If Mr Johnson does want to sell whisky to India, he should know that the newly minted desi sahibs of New Delhi, Mumbai and even what was once called Calcutta nowadays ostentatiously imbibe only “single malt”. He should also understand that a taste for “clinky” offers no clue to life in a country that was already home to one-third of the world’s poor before the coronavirus pandemic plunged it into even more grinding poverty so that a billion Indians are struggling to survive on less than the global subsistence wage. Single malt is the rage in certain rarefied circles because the ranks of our billionaires doubled in what Charles Dickens would undoubtedly have called the best of times that is also the worst of times.

It is a global phenomenon. Billionaires wallow in greater riches than the 4.6 billion people constituting 60 per cent of the planet’s population. But they are not multiplying rapidly like India’s super-rich. In fact, the 2,095 billionaires’ list worldwide with a total net wealth of $8 trillion that Forbes compiled for 2020 was 58 fewer than in 2019. Their collective assets fell some $700 billion below the previous year’s total. More to the point, even in the year of Black Lives Matter, the 614 American billionaires, leading the global wealth parade, are not accused of lining their pockets at the expense of other Americans. That can’t be said of Asia’s rich. China’s 456 billionaires cannot escape responsibility for the conditions in Tibet and Xinjiang or the deprivations of millions of Han people.

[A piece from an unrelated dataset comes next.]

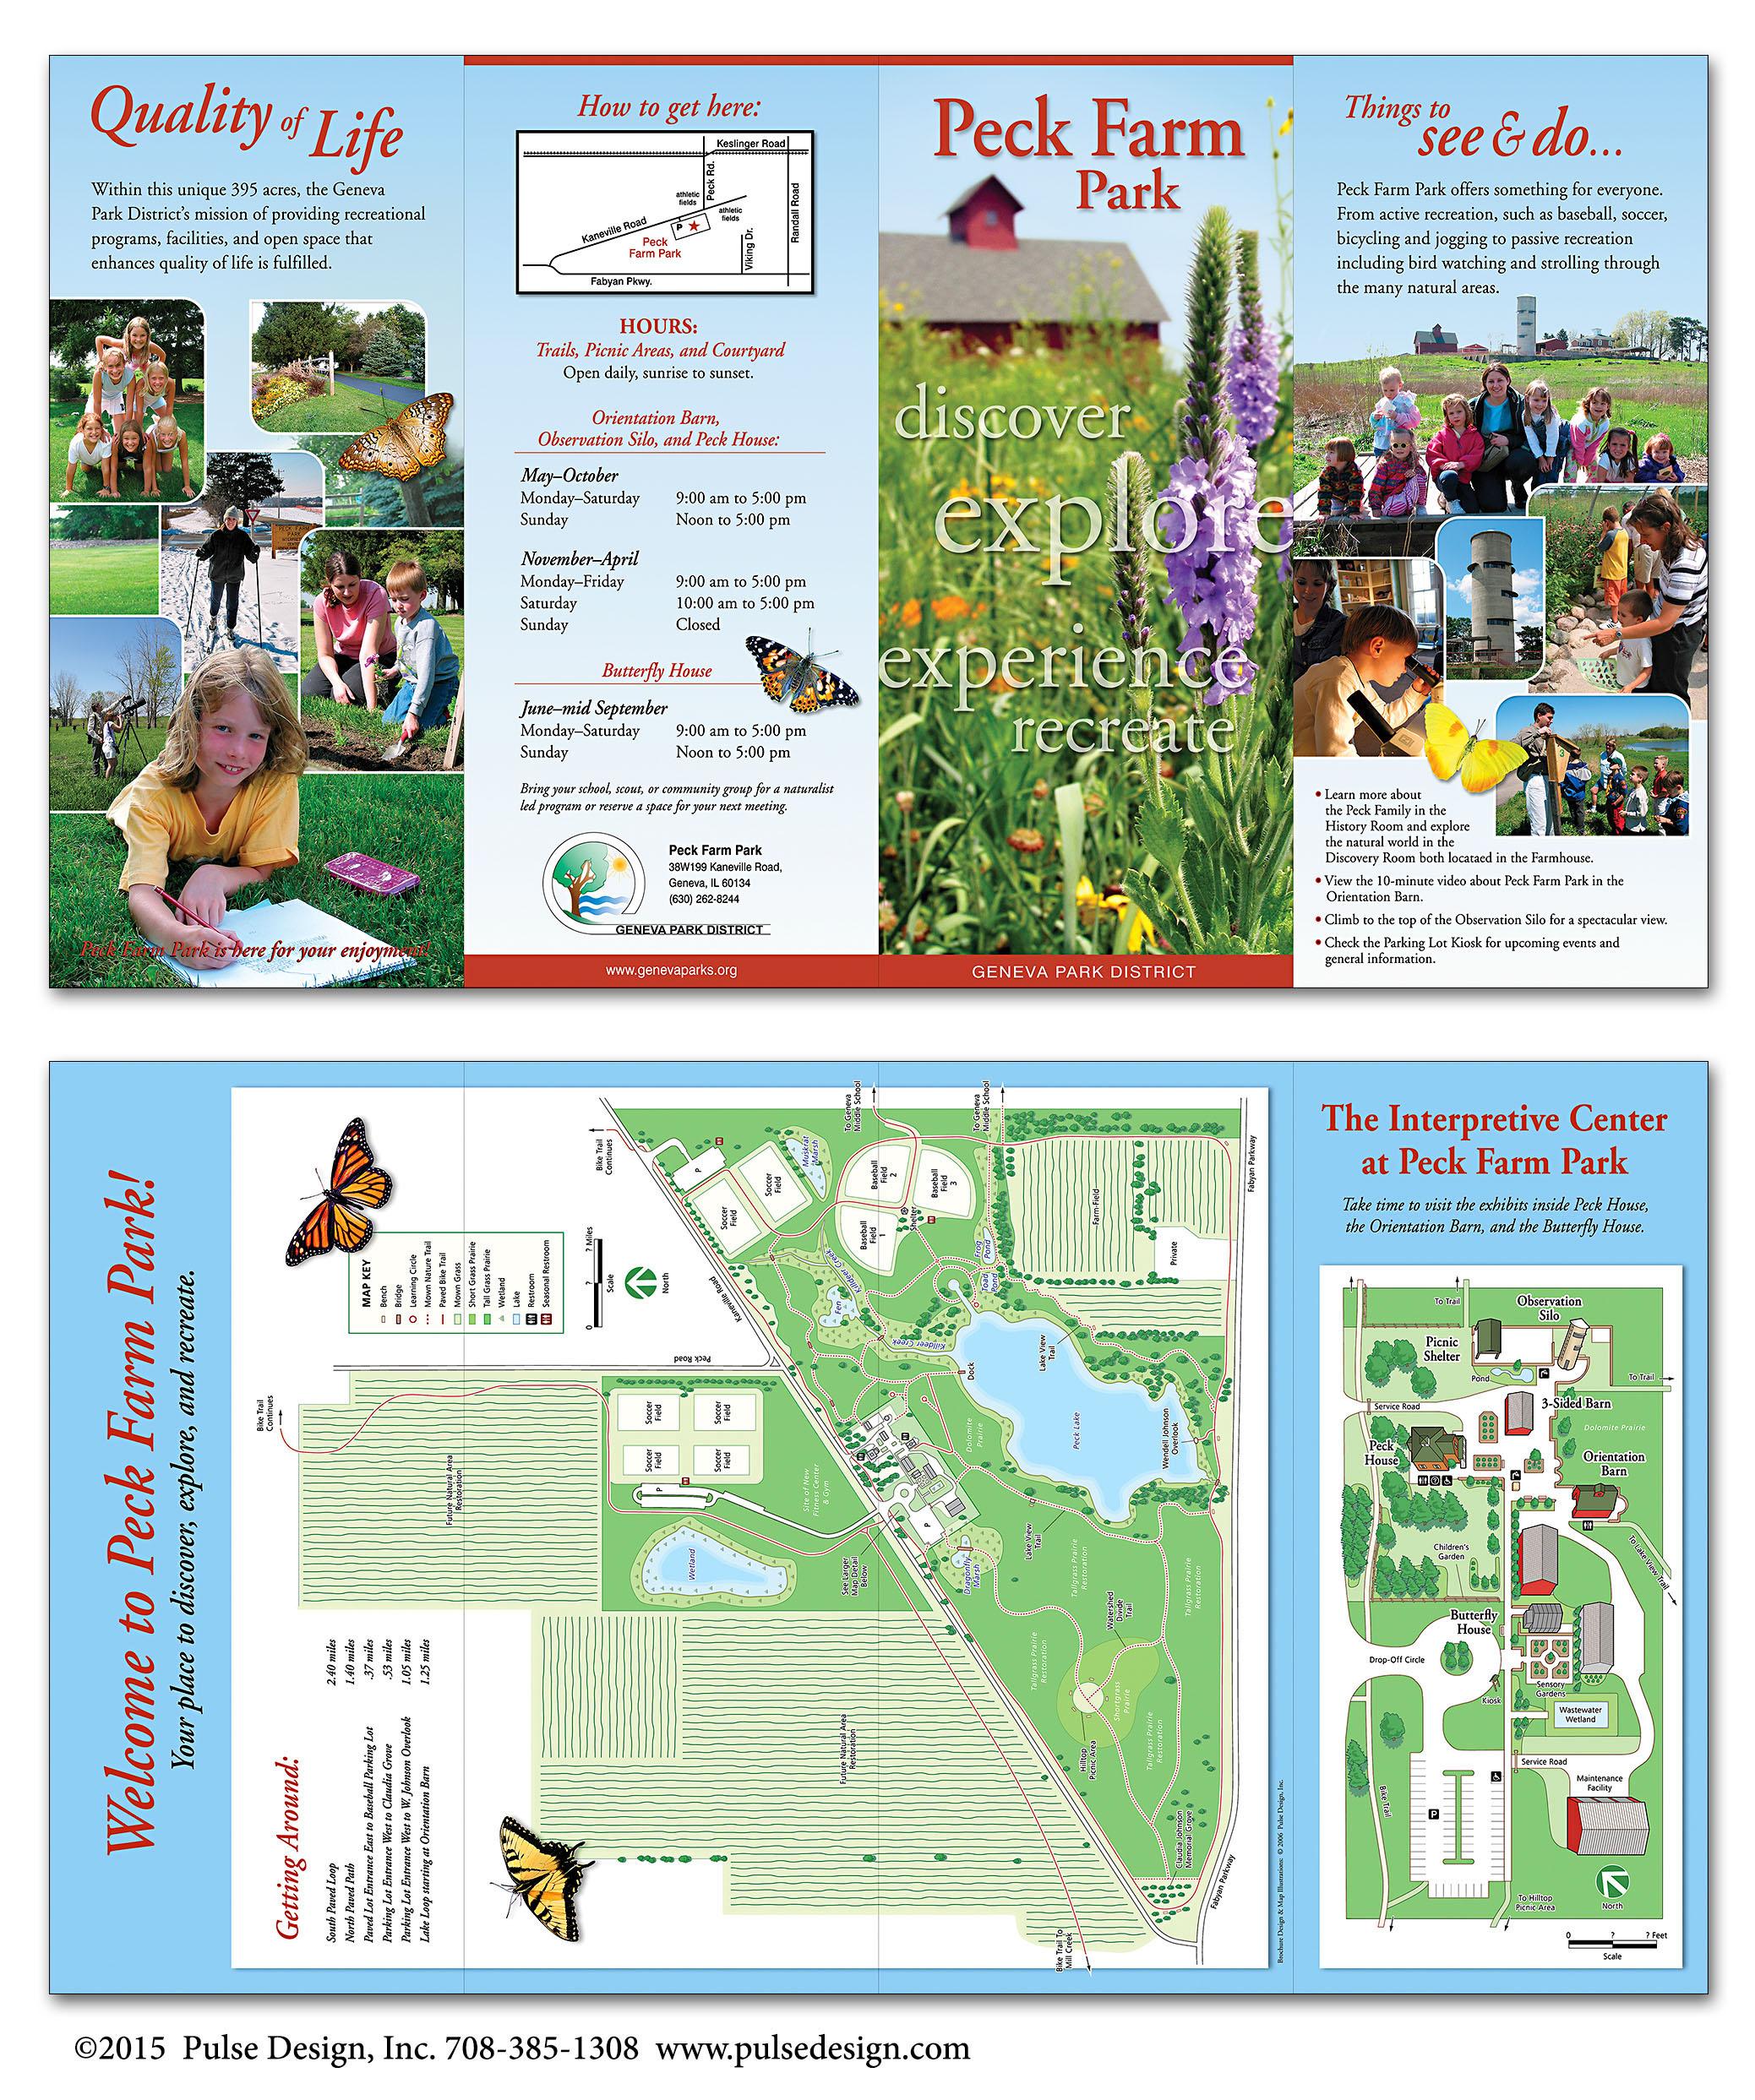 map-peck-farm-park-pulse-design-inc.jpg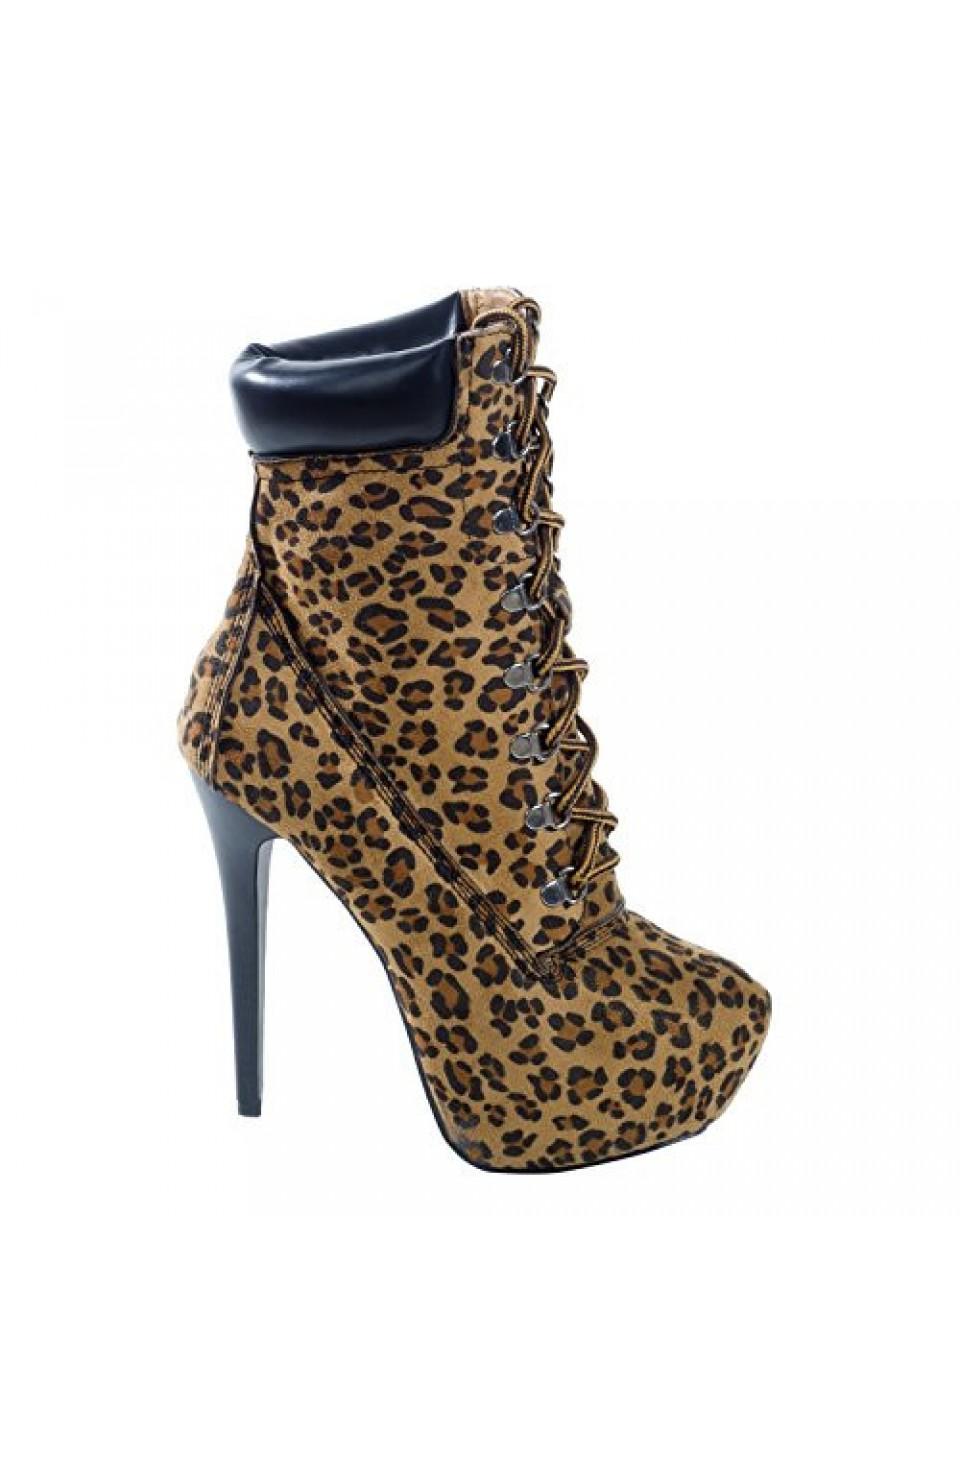 Women's Leopard Manmade Slleexi 5.5-inch Animal Print Stiletto Booties

The World Bank has predicted that the ranks of the extremely poor will increase to 150 million in 2021. The United Nations has warned grimly that between 240 million and 490 million people in 70 countries will be pushed into “multidimensional poverty”. The death toll from Covid-19 seems lower than the predictions based on the 1918 Spanish flu fatalities but global growth has been hit much harder, suffering the biggest contraction since World War II. Homeless families, hungry children, clean water a rare luxury, rampant disease, famine when a crop fails, death because medicine is unaffordable — these are the stark features expected of the year ahead. South Asia and sub-Saharan Africa will be the worst affected.

Confronted with a similar trauma which he examined and analysed on the basis of meticulous personal investigations and voluminous official and parliamentary reports, Marx decided the villain of the piece was the employer who controlled the means of production. That laid the foundations of a theology that one day permitted Vietnam’s urbane foreign minister, Nguyen Co Thach, to boast smugly: “We are not without accomplishment. We have managed to distribute poverty equally.”

A capitalist proletariat committed to wealth generation seemed — and still seems — a contradiction in terms. But it could be the dazzling icon of a new era to heal the ravages of the old. As Queen Elizabeth II said in her annual Christmas message to the Commonwealth, “Even on the darkest nights — there is hope in the new dawn.”